Combat – the female bartenders conquering the Paris cocktail scene

Combat isn’t just the name of an area in northern Paris, it’s also a new bar, ready to attack the cocktail scene in this trendy district. Behind the bar, there are three young women, including two former bartenders from the Experimental Cocktail Club.

A few months ago, La Commune, a bar specializing in punch, opened the first chapter of the cocktail history in the northern Paris district of Belleville. It was a great concept and a hard act to follow. But a daring team has opened another bar in Belleville, just a few meters away, in an area which, until now, has catered mostly to wine lovers.

The new bar is named Combat, and it’s putting up a real fight, led by a young team from the famous Experimental Cocktail Club (ECC). One can’t help but see parallels with the successful Mexican speakeasy Candelaria, also founded by ECC alumni six years ago and still going strong. Let’s hope Combat sees similar success!

Combat bar: From female duo to a quartet of mixology experts

The story of Combat began in 2012 when the two young founders, Elena Schmitt and Margot Lecarpentier, met together in New York City.

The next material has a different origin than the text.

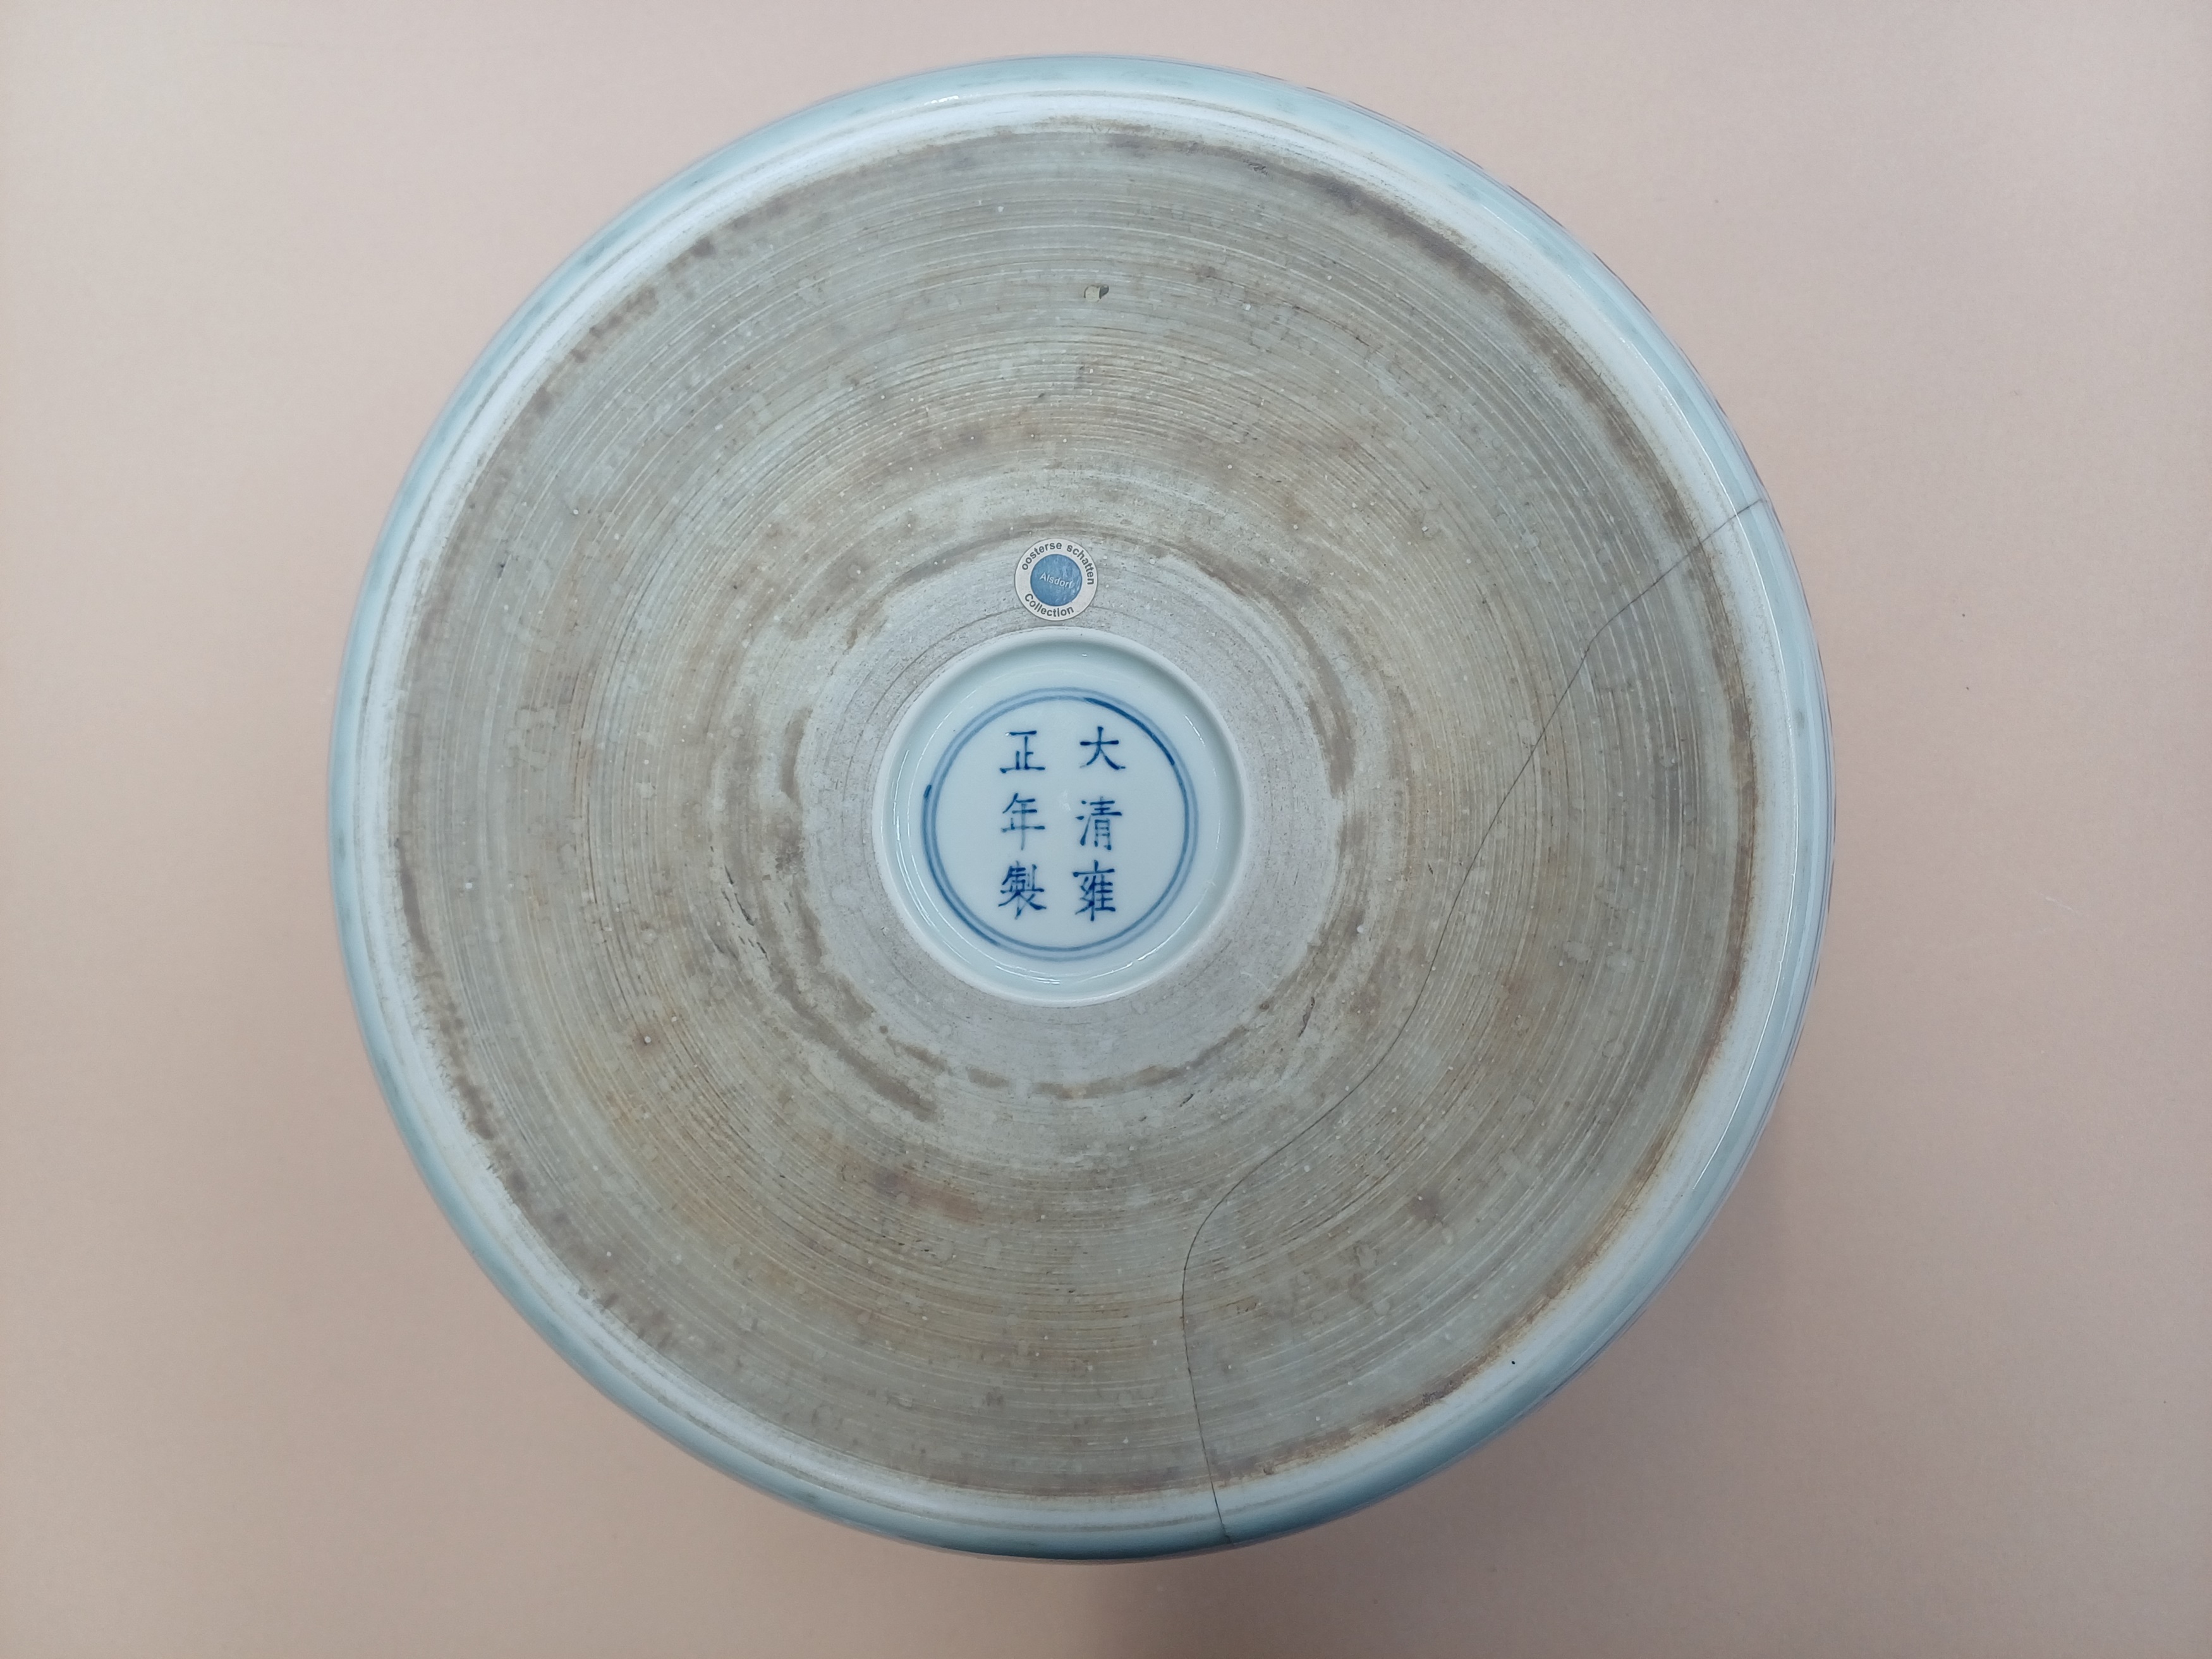 A CHINESE MING-STYLE BLUE AND WHITE 'LOTUS' BASIN 明式青花纏枝蓮紋盆 《大清雍正年製》款 - Image 14 of 14

There was an instant friendship “thunderbolt” which made them want to quickly set up a project around their shared passions: good drink and good food.

Schmitt was in the Big Apple to boost her CV through apprenticeships in finance and marketing. Thanks to her family, this budding businesswoman already had a strong taste for wine. Lecarpentier, a master of law, worked for some big New York record labels, managing artists like The Strokes and Asap Rocky. Thanks to her bartender boyfriend, she discovered the world of cocktails and worked shifts in the Standard Hotel and The Wayland. When both came back to Paris in 2014, Schmitt was working at a small consulting startup and Lecarpentier, after a fruitless job hunt in the music industry, began working behind the bar at ECC, alongside the head bartender Gladys Gublin and Maxime Potfer.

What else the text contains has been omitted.